Legaroid's Chess Mac OS
Welcome to the home of ExaChess! ExaChess is a powerful, full-featured chess-database program for the Macintosh. It can manage a database of millions of master games, serve as a chessboard to play through games, and be used as a tool to record and annotate your own games, to play games against the computer, or to play perfect endgames. HIARCS Chess Explorer for Apple Mac OS. A new version 1.9.5 of HIARCS Chess Explorer is now available for you to download and install. It is compatible with any Mac OS 10.13 (High Sierra) or later including the new Big Sur (macOS 11). MacinCloud provides managed and dedicated cloud Mac servers, hosted private cloud solutions and DevOp pipelines. Users can access on-demand Mac servers for app development, Mac tasks, and enterprise builds. All of our plans and solutions are backed by genuine Mac hardware hosted in 8 professional data centers around the globe.
I have a Mac (running OS 10.7 Lion), and am just starting to learn to play chess. What would you recommend as the best software for learning on a Mac?
I have Fritz 9, which I can run on an old machine running Windows. It's ok, but it also seems a bit clunky and awkward with its interface (besides simply looking dated -- which I can handle, since it's free for me -- some of the commands are not where I expect them to be, and don't always function the way I would expect).
I've been trying out the trial of Shredder Classic 4, but find I miss some of the 'newbie' features in the old Fritz 9 software. That's even more the case with Stockfish, which is great for a free app, but doesn't have much (beyond the game itself, of course) for someone new to chess.
- There are a lot of applications that I have no use for that take up space on my Mac that I want to delete. When ever I try to delete them it says that it is an essential part of the OS but with Chess.app, I find that reason specious at best.
- Operating Systems Mac OS X 10.4 PPC, Mac OS X 10.5 PPC, Mac OS X 10.4 Intel, Mac OS X 10.5, Mac OS X 10.5 Intel, Mac OS X 10.6 Intel, Macintosh, Mac OS X 10.4.
So my question is: am I best off with Shredder or Stockfish, and simply doing the best I can to learn from books, or would I still be better off with Fritz 9 on an old computer? I'm open to buying another Windows chess software, but it would need to be VERY GOOD for beginners to convince me to buy software for an OS that I don't really use anymore.

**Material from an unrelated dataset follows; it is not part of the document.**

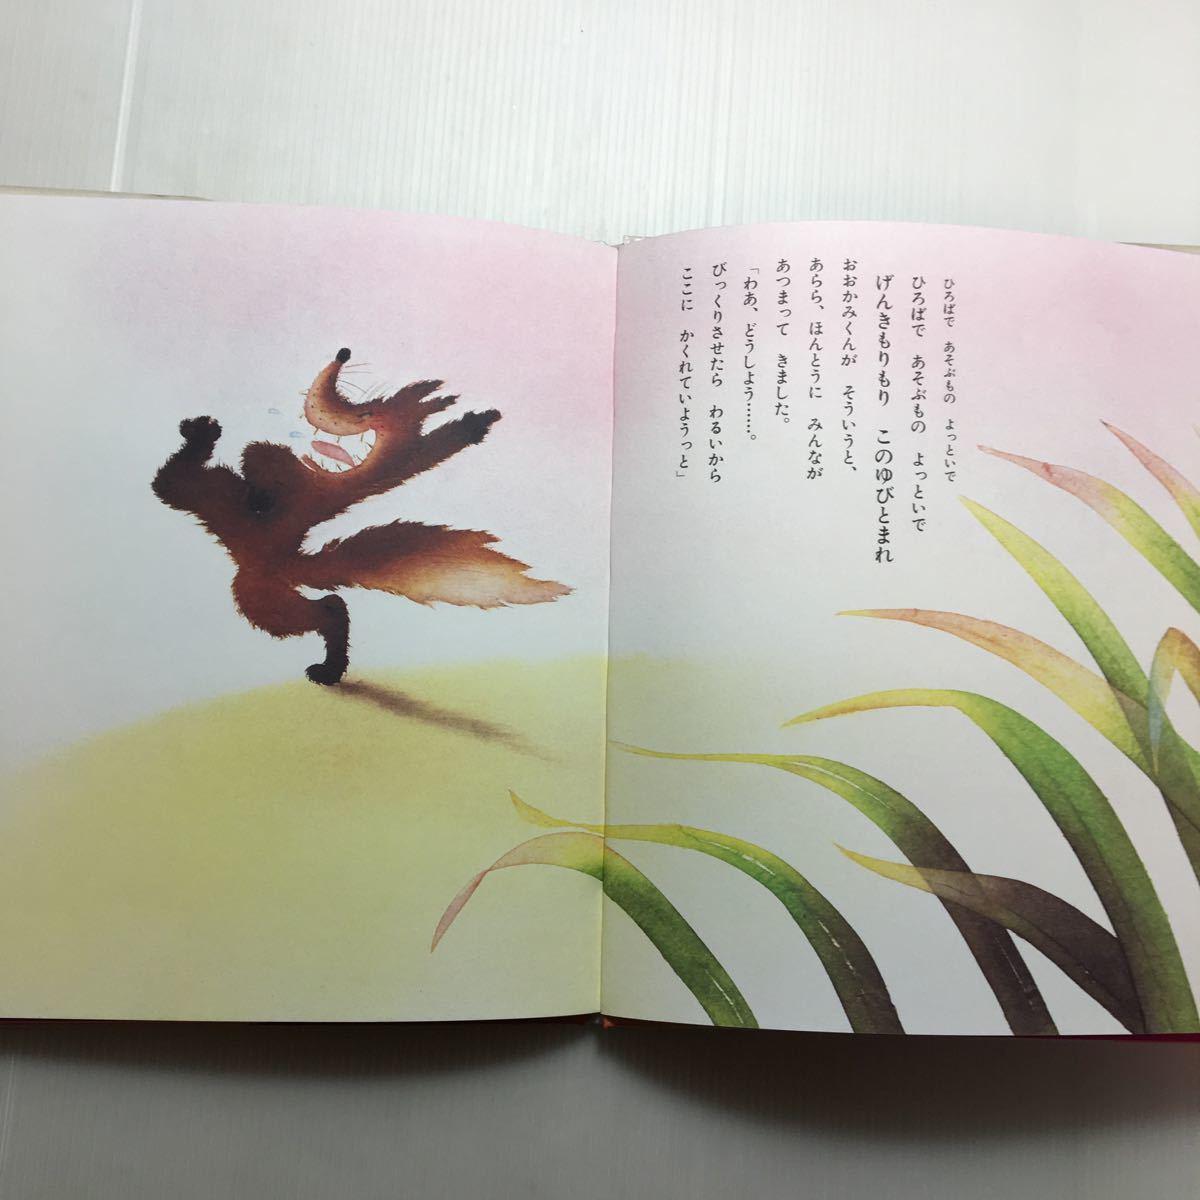 zaa-m1b♪ともだちほしいな おおかみくん (えほん・ワンダーランド)大型本 1986/7/1 さくら ともこ (著), いもと ようこ (イラスト)
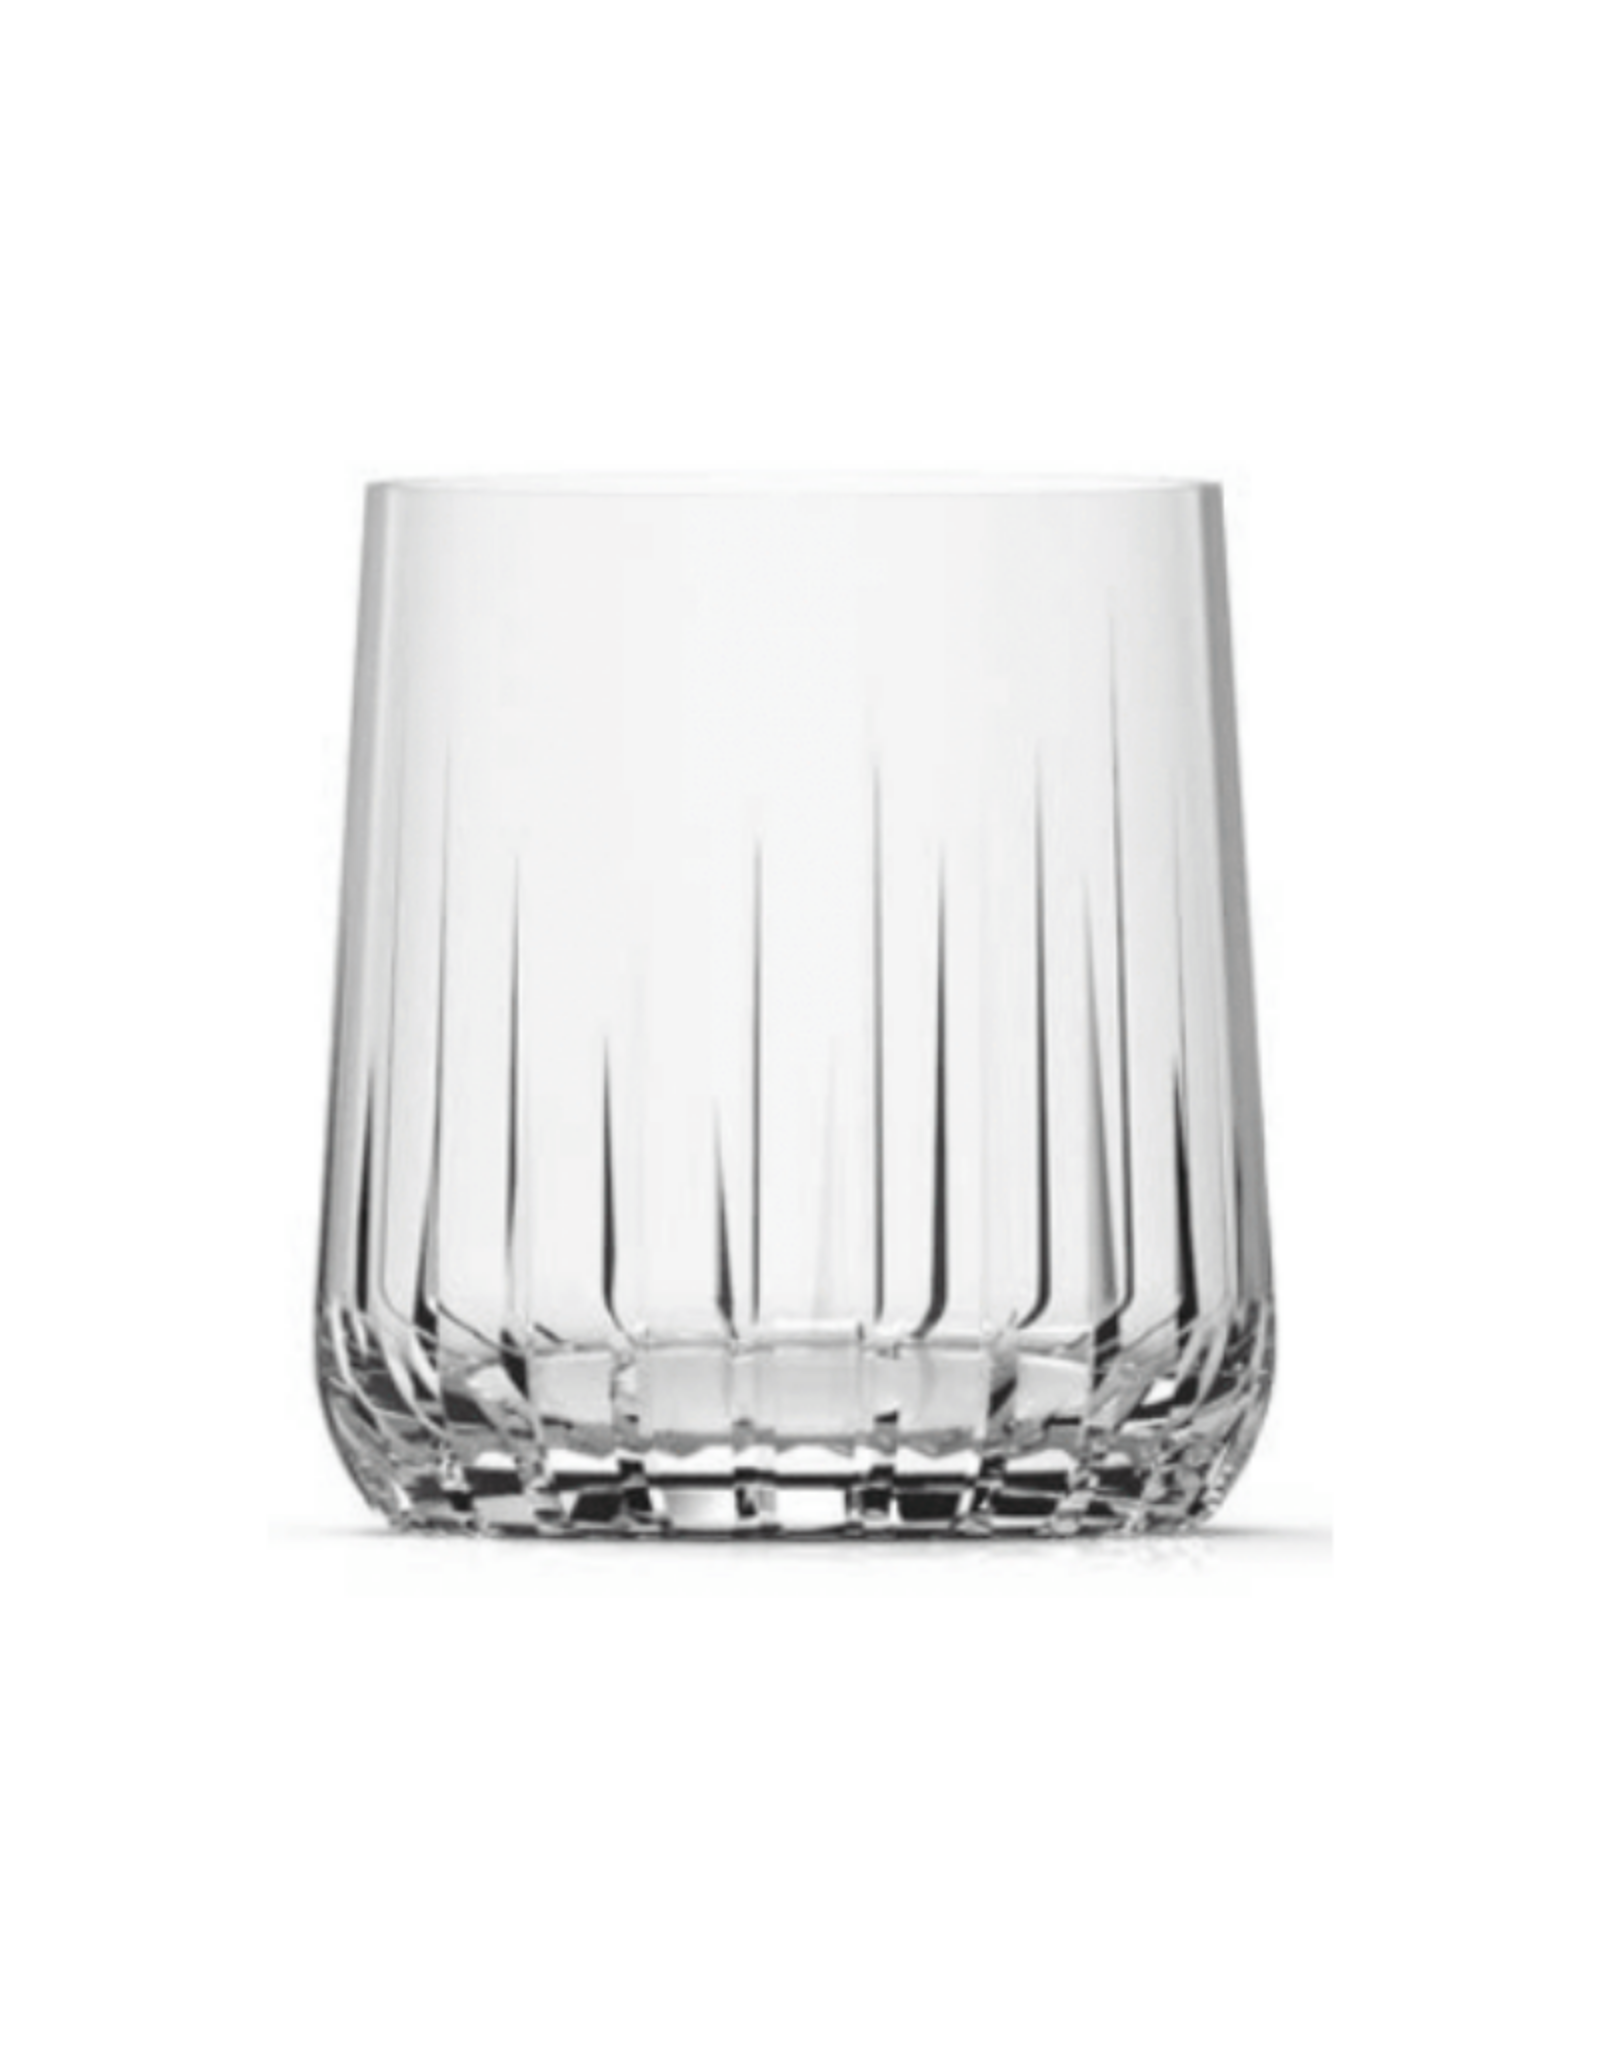 Ens. 6 verres Nova 310ml

Since OS X 10.2 Apple has included a Chess game by default on your Mac. The current version allows you to play against the computer with varying difficultly levels, play against another person, and even play online. You can change the look of the 3D board, hear moves and even speak to make a move. You can also save and resume games.Check out Play Chess On Your Mac at YouTube for closed captioning and more options.